Chronic Care Manager
This is an on-site position at Kidney Care Center of Georgia. The Chronic Care Manager is a CMA or LPN who supports the development of patient-centered, team-based care. S/he will support primary care physicians (PCPs) and practices in managing their panel of patients using a population management informatics tool. By gathering and organizing patient data, the Chronic Care Manager works to identify patients unmet needs, engage patients in their own care, gather summary information for treatment interventions, and enhance ongoing communication between the patient and her/his care team.

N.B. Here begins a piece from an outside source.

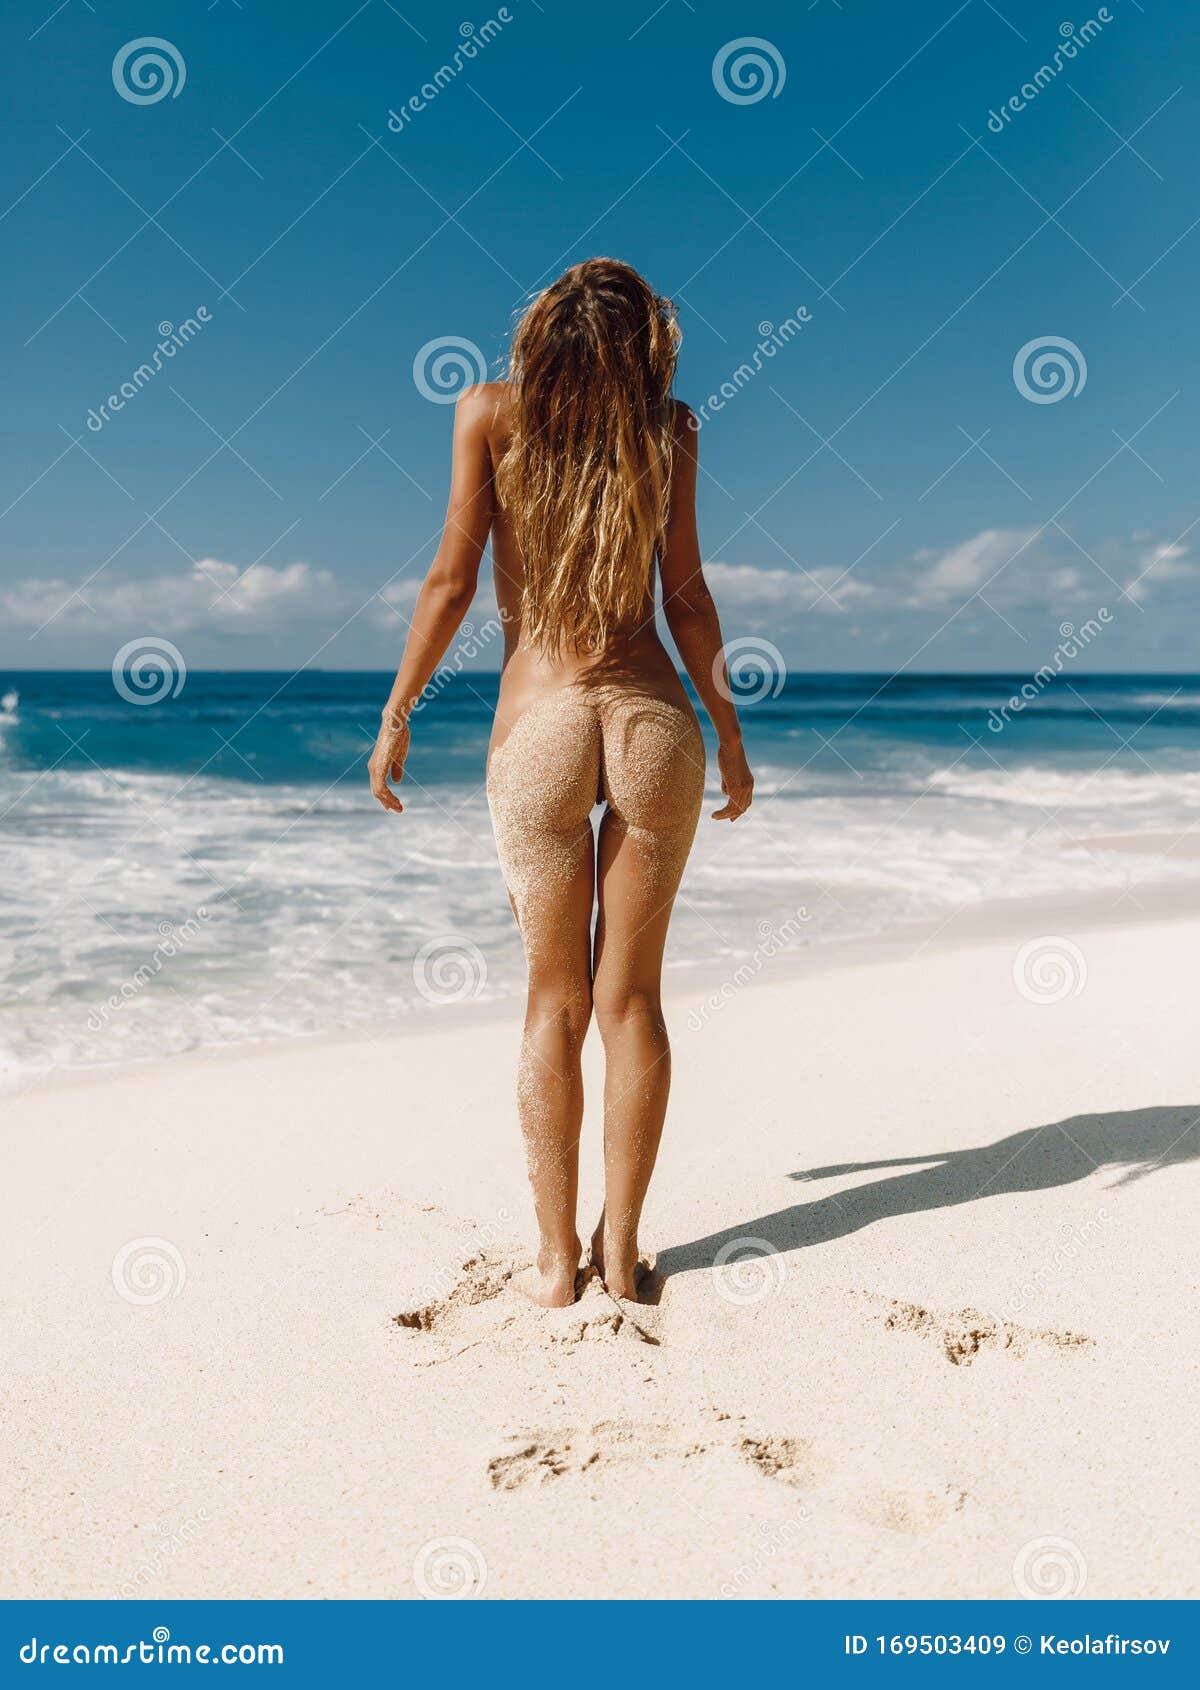 candace lattimore share naked women walking on beach photos

The goal of the Chronic Care Management program is to facilitate high-value, patient-centered care that improves timely access to and provision of preventive services and chronic disease treatment.
Starting pay range for the role: $20/ per hour
KEY AREAS OF RESPONSIBILITY:
* Develops a keen understanding of primary care practice requirements for optimal, coordinated population health
* Works as an effective team member of the care team
* Works a Chronic Care Management platform to support patients with multiple chronic diseases and assists in the coordination of the patient's care continuum.

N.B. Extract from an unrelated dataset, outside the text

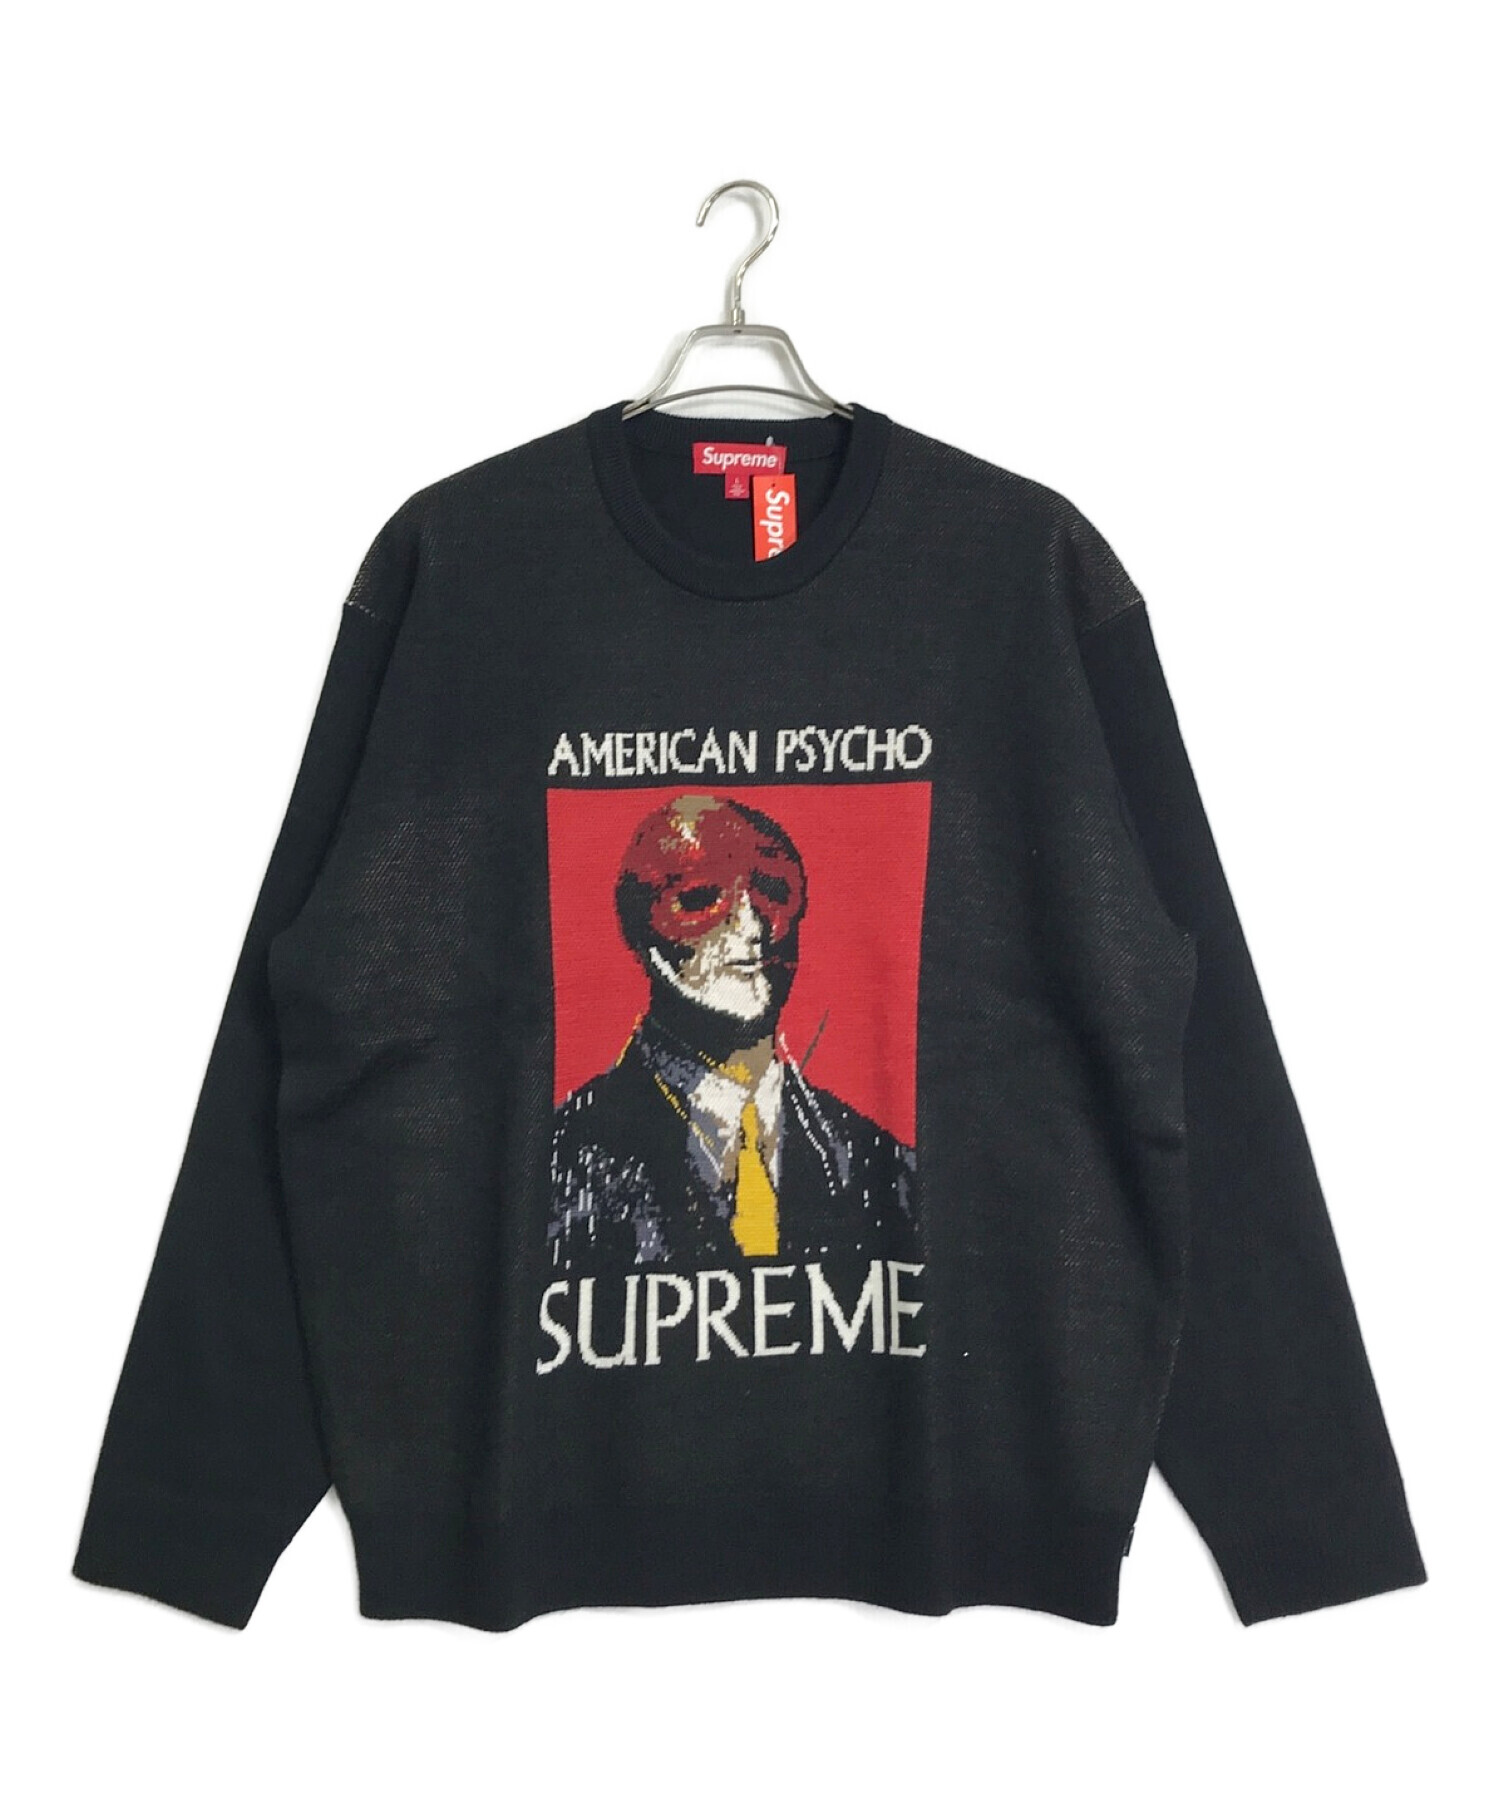 Supreme American Psycho Sweater / Lサイズ

* Contributes to quality improvement and care redesign of population health efforts
PRINCIPLE DUTIES AND RESPONSIBILITIES:
* Manage patient registries and provide the members of health care teams in designated practices with the data required to meet the health needs of the patient
* Support practice staff to develop interventions to proactively manage target populations
* Contributes to a positive experience for patients and families through courteous telephone and digital interactions, accurate and expeditious routing, as well as referral to appropriate clinical staff when necessary
* Recognize and report data inconsistencies to appropriate personnel
* Contributes to the teamwork within and between departments. Regularly attends and participates in meetings with coworkers and practice staff.

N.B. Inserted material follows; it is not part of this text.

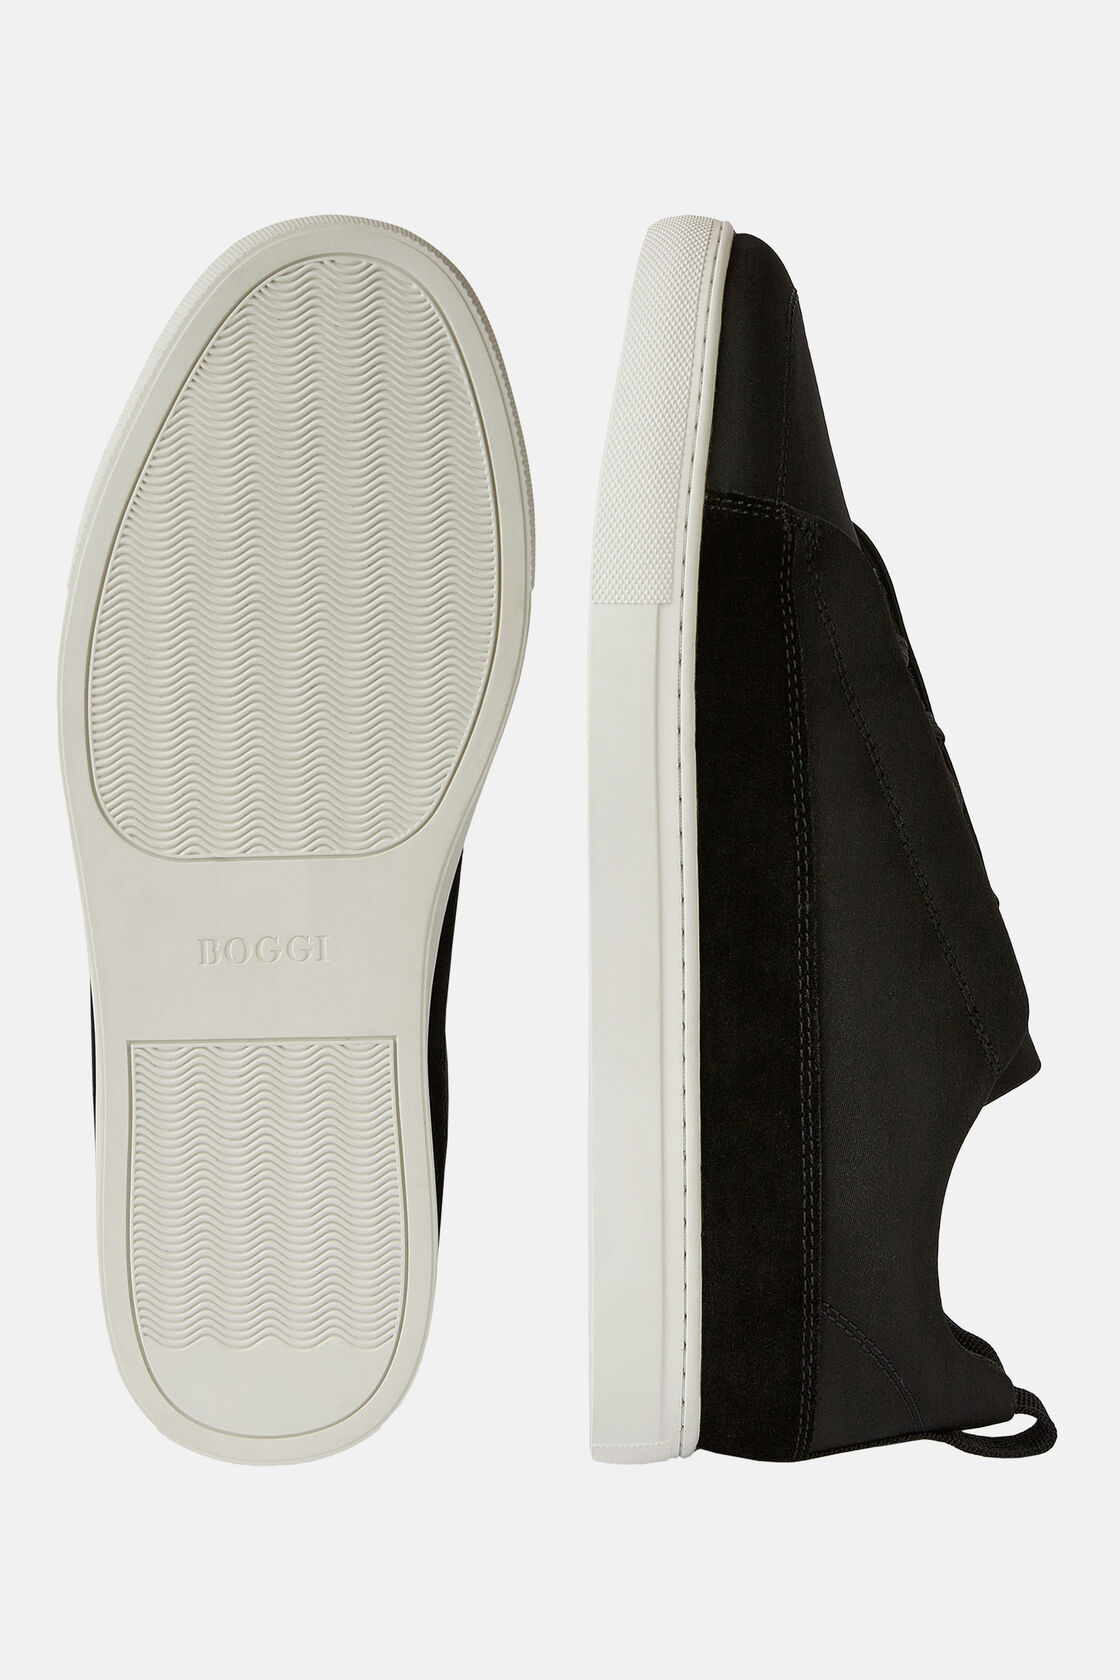 Aθλητικά παπούτσια με κορδόνια από τεχνικό ύφασμα, Black, hi-res

* Perform all job functions in compliance with applicable federal, state, local, and company policies and procedures
* And other duties as assigned
QUALITY IMPROVEMENT AND PROCESS DESIGN
* Collaborate with care teams to establish population-appropriate, pre-visit, and point-of-care processes
* Provide data to the care teams to properly perform these processes
* Monitor and correct patient attribution to the practice and the care teams within the practice
* Minimum of 2 years of experience in a similar specialty. Experience in population health is preferred
* Proven problem-solver with ability to multitask
* Prior use of electronic health records and other health care information systems is desirable
QUALIFICATIONS
* Certified Medical Assistant or LPN from a nationally recognized organization preferred
* Significant experience within a primary care setting with quality/population health experience in lieu of certification will be considered.